[GOAL OF THE EXERCISE] Leave the pictures in the listing below aside and reproduce exactly the lines starting with the one with "Africa. Mauritius, Bourbon" and going on through the one with "Uppingham, Rutland, C.1905-10", both ends included.

[DATA FOR REVIEW]
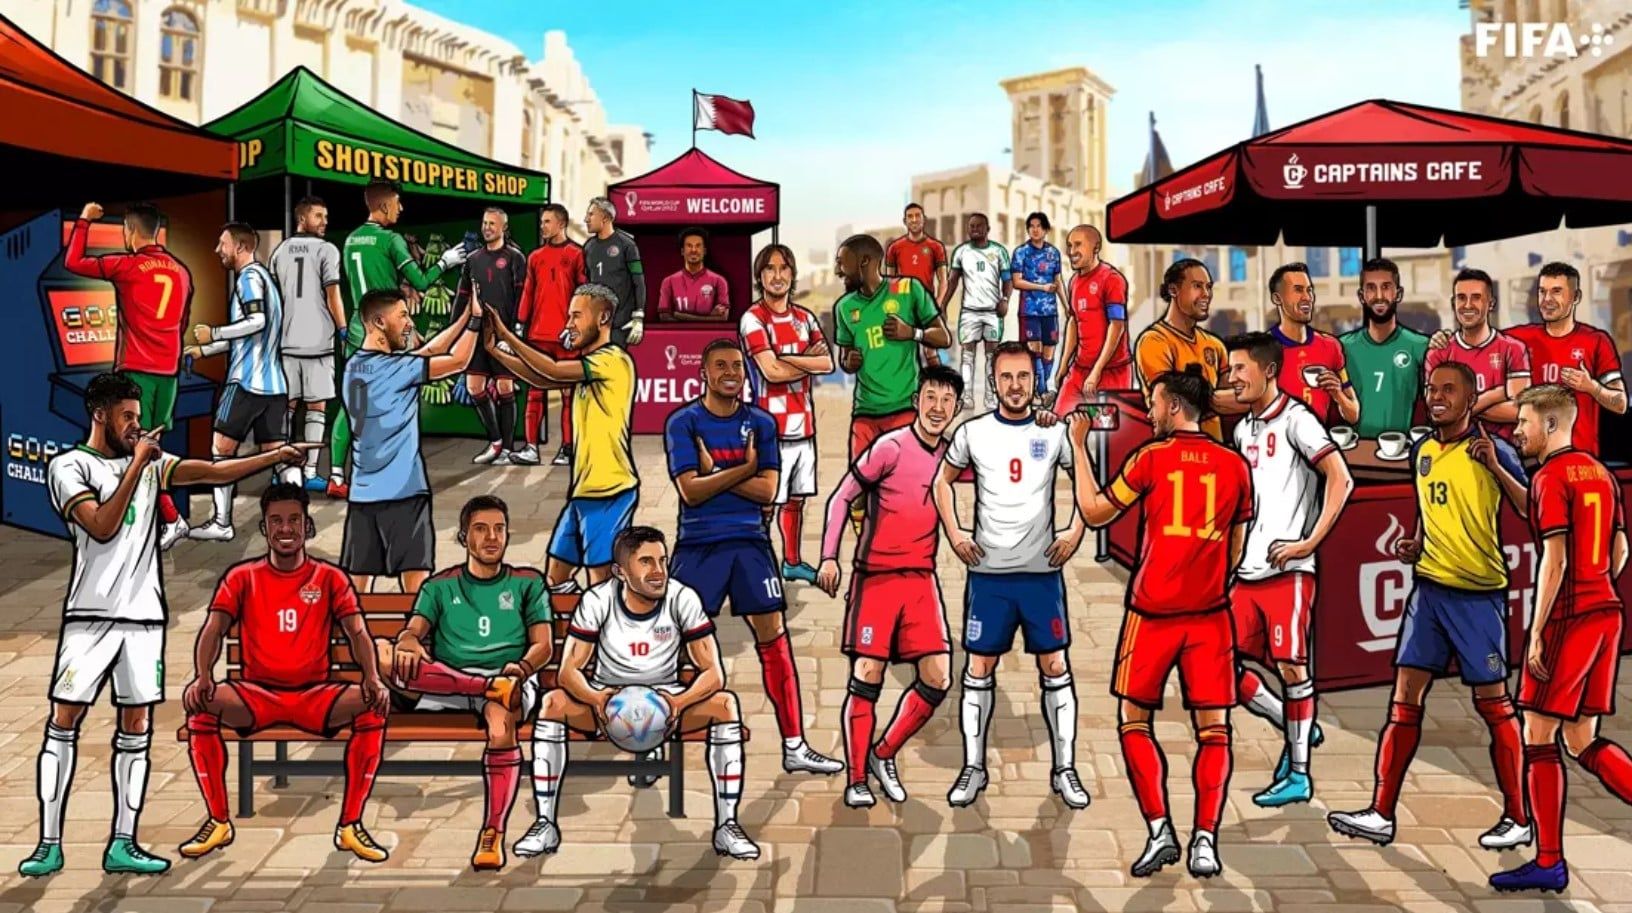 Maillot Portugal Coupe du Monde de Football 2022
...
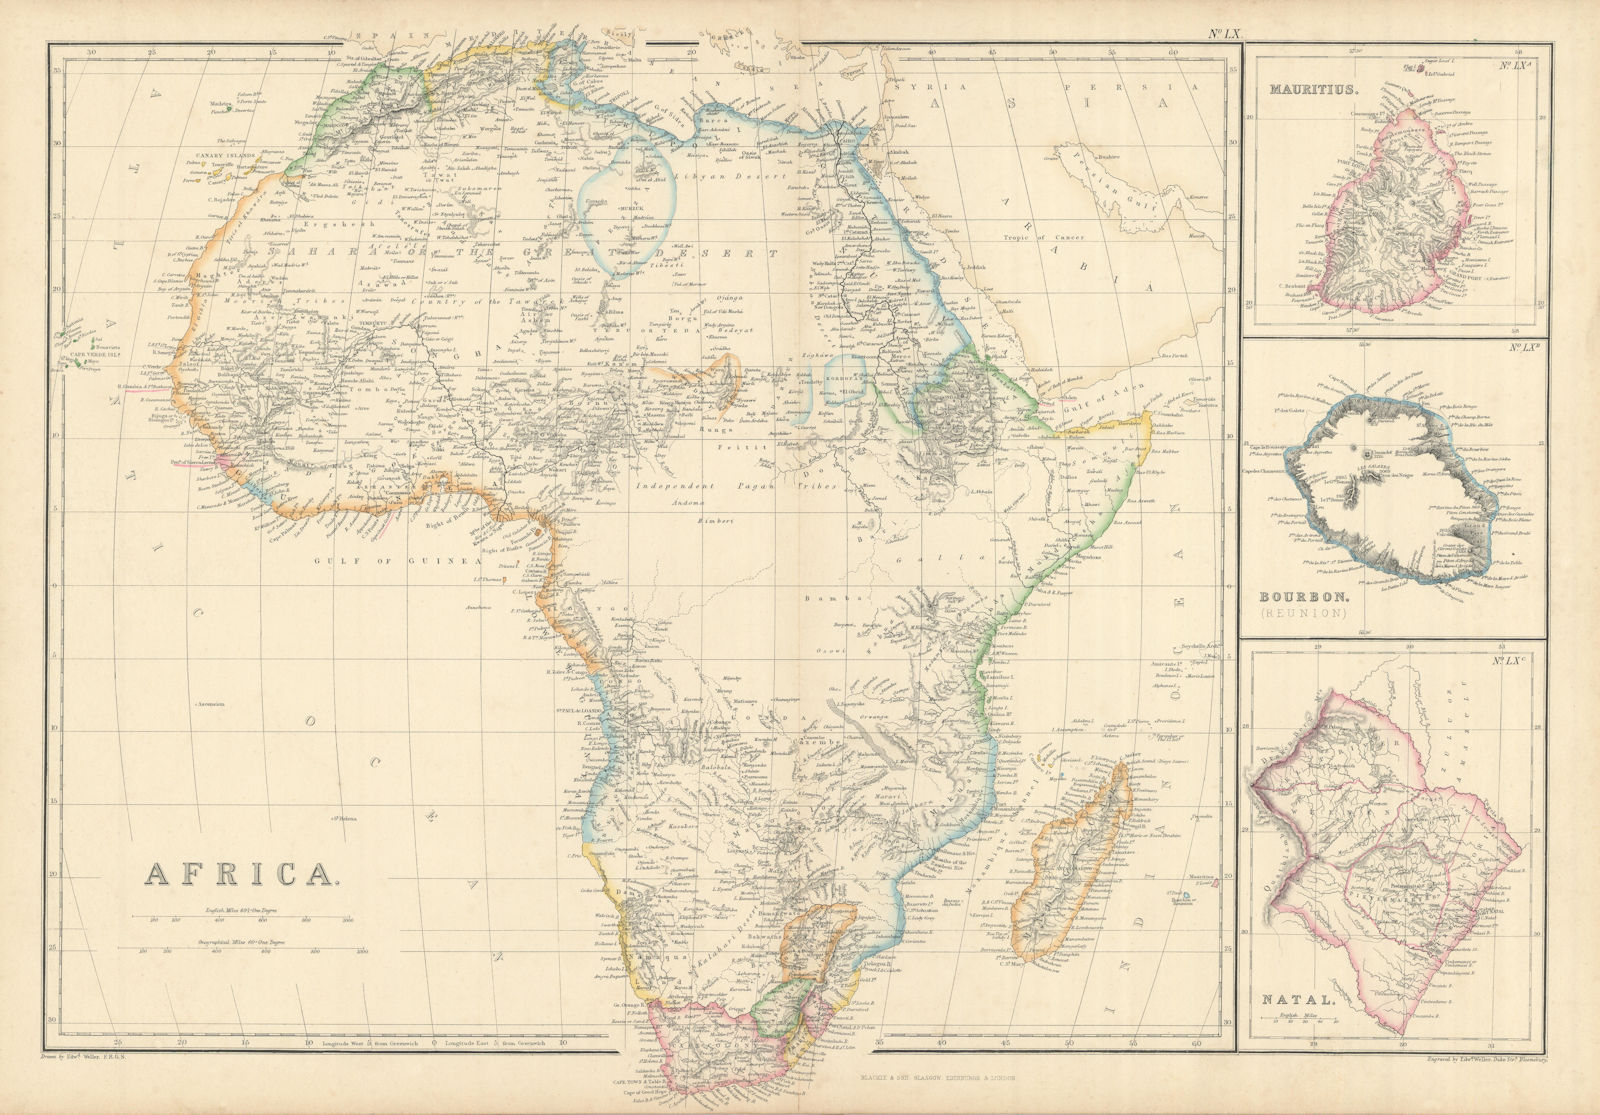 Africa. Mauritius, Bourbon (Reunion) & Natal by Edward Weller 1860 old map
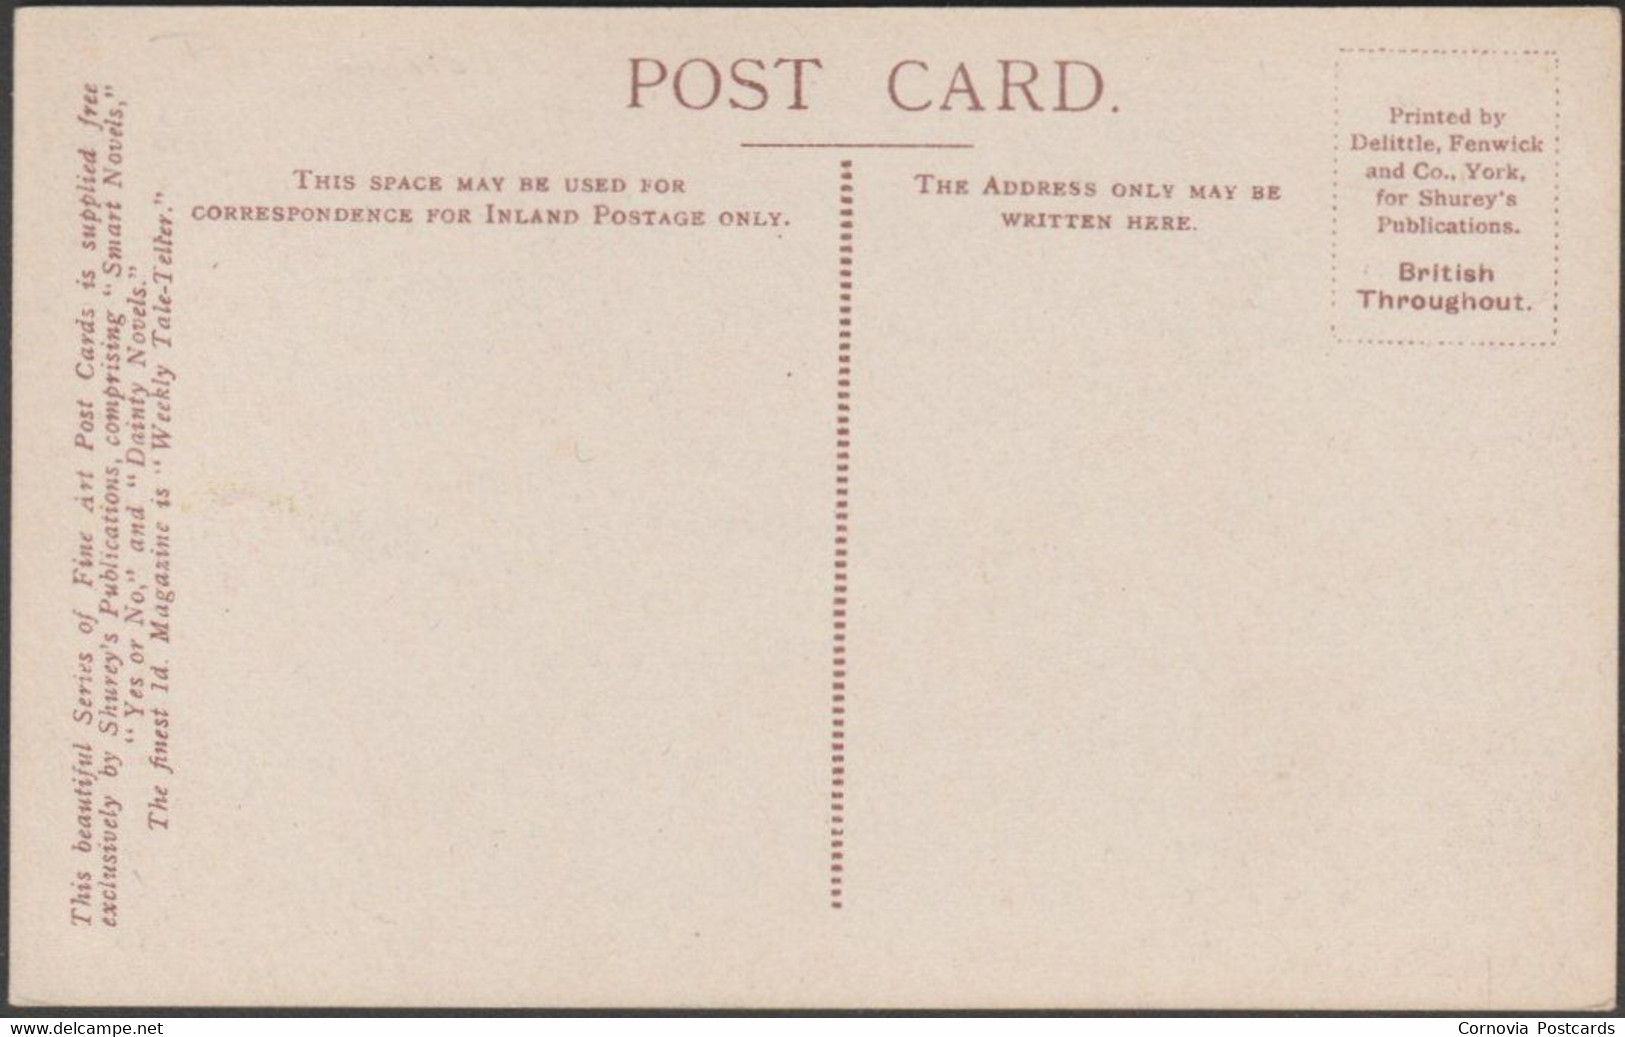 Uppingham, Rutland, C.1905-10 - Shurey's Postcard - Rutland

[TASK RESULT]
 Africa. Mauritius, Bourbon (Reunion) & Natal by Edward Weller 1860 old map
 Uppingham, Rutland, C.1905-10 - Shurey's Postcard - Rutland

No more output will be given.